The outcomes of a number of too-close-to-call races from Canandaigua to Webster won’t be known for another week or two.
A single vote separates the Democrat and Republican candidates for town supervisor in Canandaigua. Ten votes is the difference in Webster. Eleven votes is the margin for a Monroe County legislative race.
But there remain dozens of affidavit and absentee ballots to be scanned in both Ontario and Monroe counties, with the potential for mail-in ballots yet to arrive.
Ontario County also has Council races in Canandaigua, Manchester and the town of Victor that remain undecided. And a ballot proposition in Hopewell, seeking to increase the elected terms of the clerk, supervisor and highway superintendent from two to four years, currently sits at an eight-vote margin.
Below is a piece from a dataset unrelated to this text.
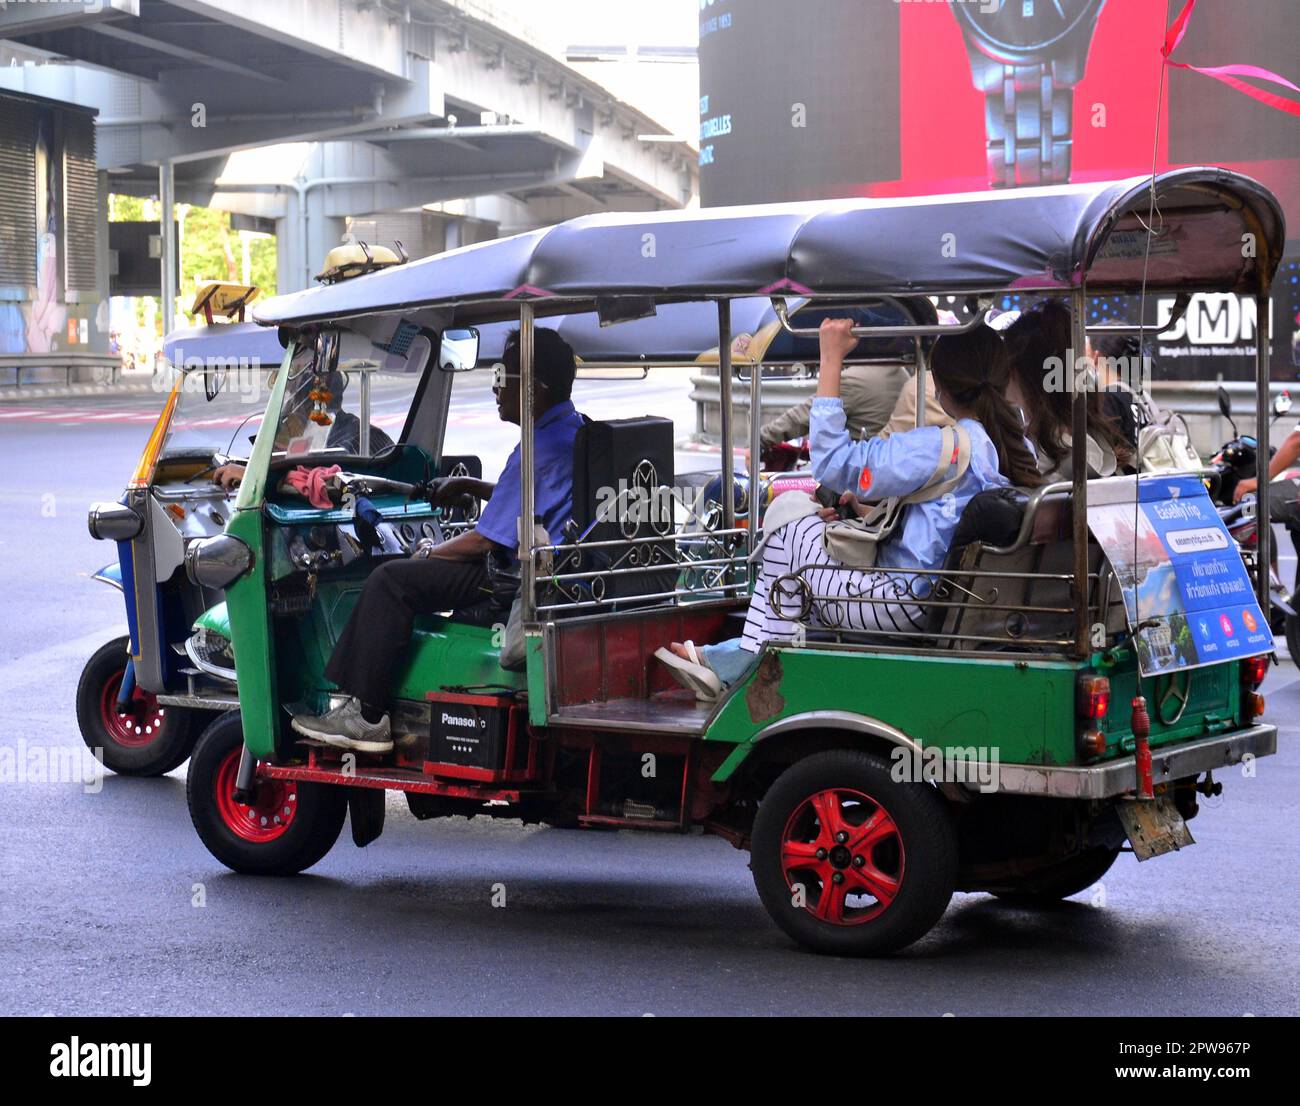 Travailleurs, Bangkok, Thaïlande, Asie. Les conducteurs de tuk tuk transportent des passagers dans le district de Silom. Sortie Silom Road avec Rama IV Road. Banque D'Images
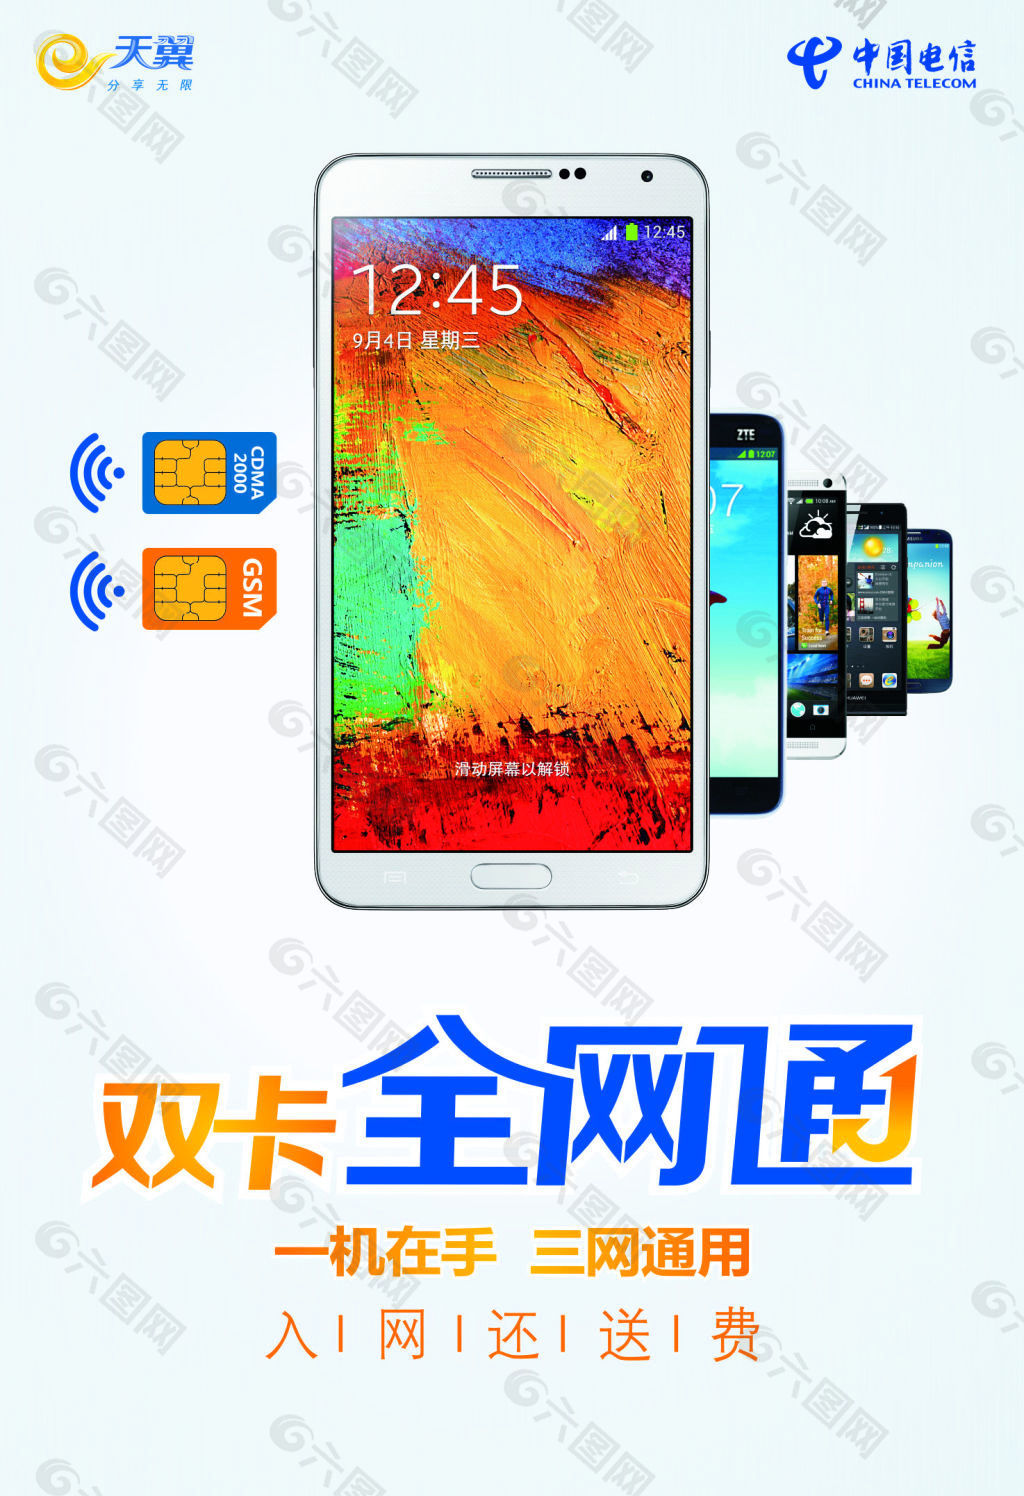 从2G到4G+ 天翼UIM手机卡藏品欣赏|天翼|中国电信_新浪科技_新浪网

“It’s a very purple county,” said A.J. Magnan, Ontario County’s Democratic elections commissioner.
Ontario County expects to update its results Wednesday. And if results are still close enough to trigger a hand recount? That is not going to occur until after Thanksgiving, Magnan said.
In Monroe County, the next update is not slated until Nov. 21.
In a statement released Wednesday, the Ontario County Board of Elections put overall turnout at 29% — which is average — but noted that turnout "was notably higher in many county municipalities, and exceeded pre-election turnout estimates in the towns of Canandaigua, Richmond and South Bristol.”